Microsoft Fabric is an integrated analytics platform that combines data engineering, data science, and business analytics under one SaaS umbrella. Within Fabric, a lakehouse is a unified data store that supports both structured and unstructured data. Lakehouses in Fabric are built on Delta Lake format (the same open standard used by Databricks) and are accessible through a SQL analytics endpoint—a managed SQL interface that lets external tools query lakehouse tables as if they were in a traditional data warehouse.

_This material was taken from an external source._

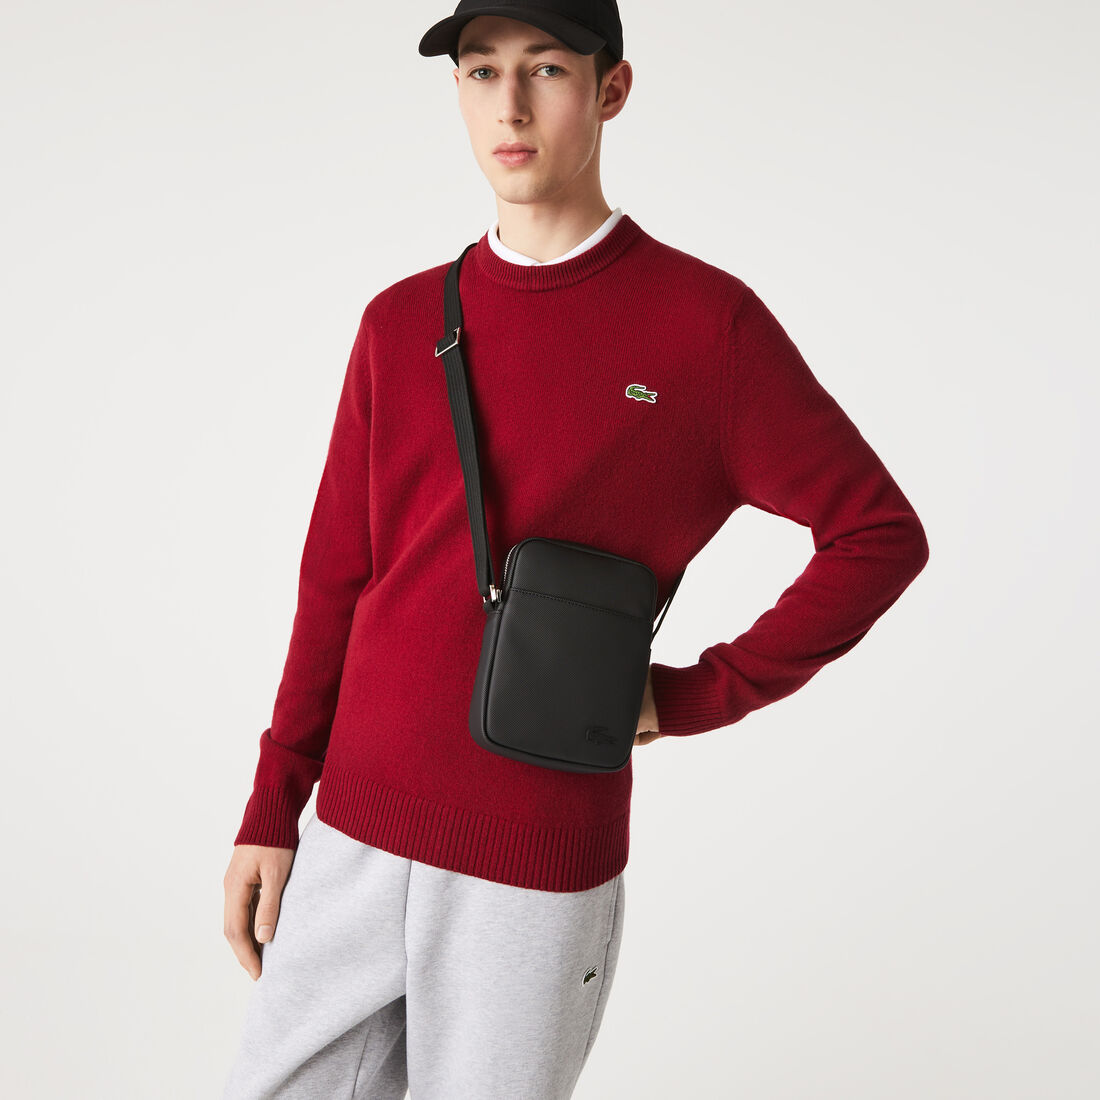 Men's Classic Petit Piqué Vertical Zip Bag

OneLake is the underlying cloud storage layer in Microsoft Fabric. When you create a lakehouse, its data is stored in OneLake, Microsoft’s tenant-wide, multi-cloud storage abstraction. OneLake uses Delta format by default, which provides ACID transactions, schema enforcement, and time-travel capabilities—all valuable for analytics workloads.

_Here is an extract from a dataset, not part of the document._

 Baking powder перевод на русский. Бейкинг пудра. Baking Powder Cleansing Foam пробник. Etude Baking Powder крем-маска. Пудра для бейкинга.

The integration pattern is straightforward: Superset connects to the SQL analytics endpoint of a Fabric lakehouse, executes queries against Delta tables, and renders results in dashboards. This approach avoids data duplication and keeps your single source of truth in Fabric.
Why Connect Superset to Fabric Lakehouses?

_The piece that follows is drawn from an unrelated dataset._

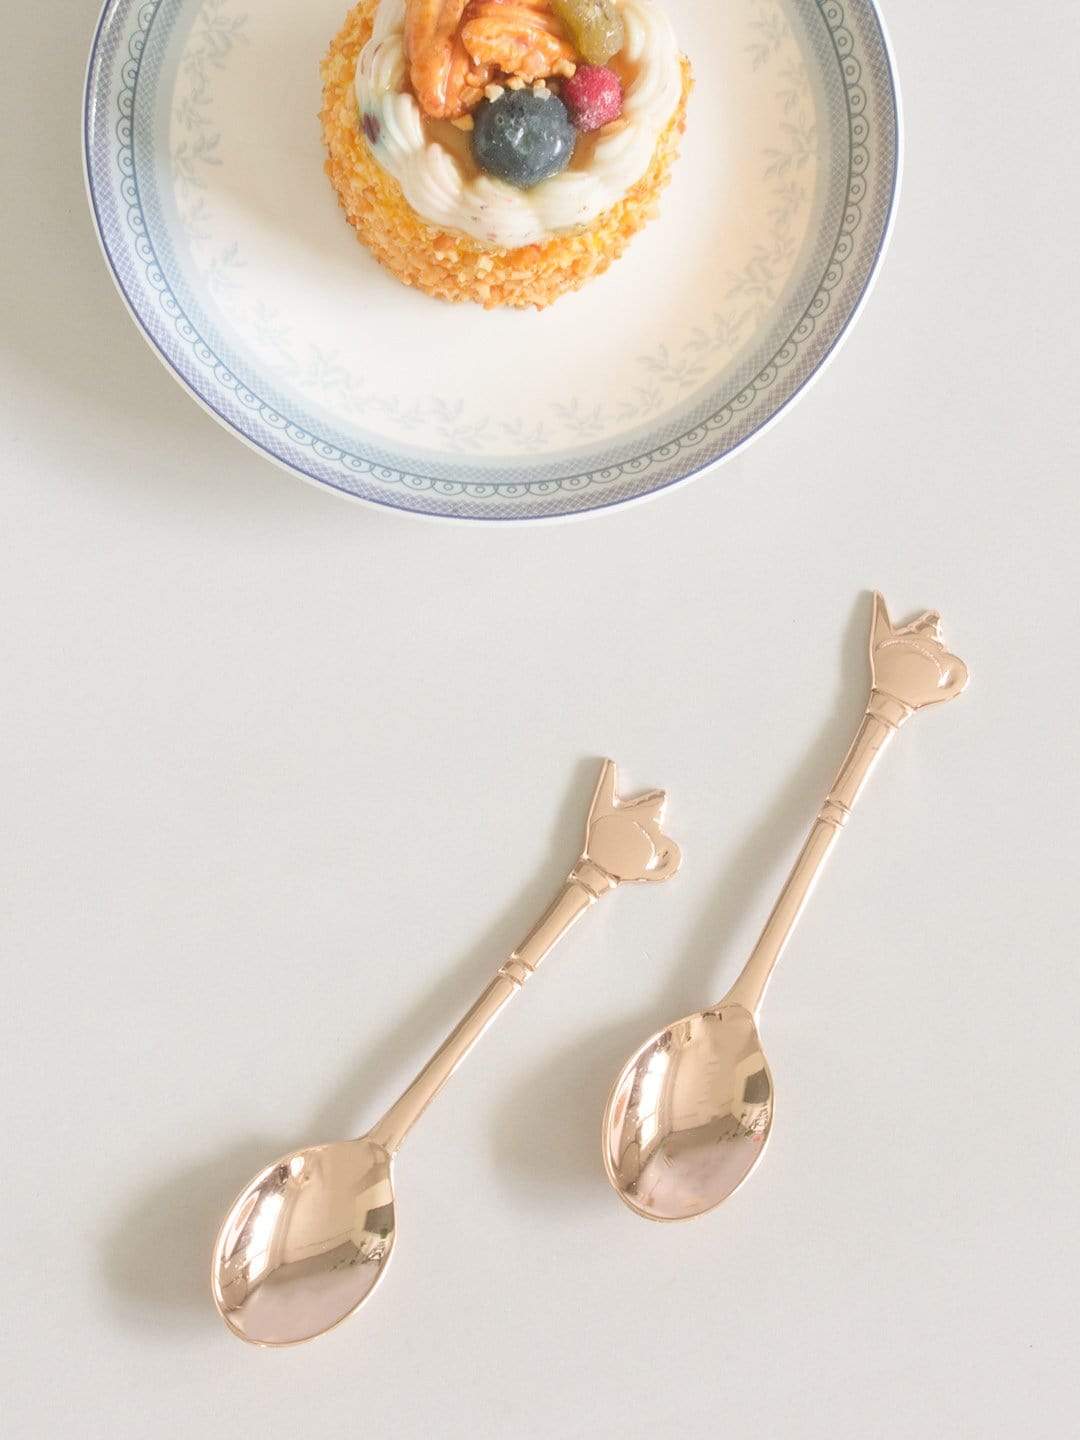 Kettle Handle Dessert Spoons- Set Of 6

Several scenarios make this integration compelling:
Cost Efficiency: Fabric’s consumption-based pricing model (measured in Fabric Capacity Units) can be more predictable than per-seat BI tool licensing. By using Superset—an open-source tool—alongside Fabric, you avoid per-user seat costs from Looker, Tableau, or Power BI while maintaining enterprise-grade analytics infrastructure.
Embedded Analytics: If you’re building analytics features into your product, Superset’s lightweight architecture and API-first design make it ideal for embedding. Connecting it to Fabric lakehouses lets you scale analytics without managing separate databases or ETL pipelines. D23’s managed Superset platform, for instance, specializes in exactly this use case—providing hosted Superset with AI integration and API endpoints for embedding dashboards and self-serve BI into applications.
Data Lakehouse Flexibility: Fabric lakehouses support both structured (via SQL endpoint) and unstructured data (via OneLake). Superset queries the structured layer, but you maintain the flexibility to run Apache Spark notebooks, Python scripts, or other data engineering workloads against the same data.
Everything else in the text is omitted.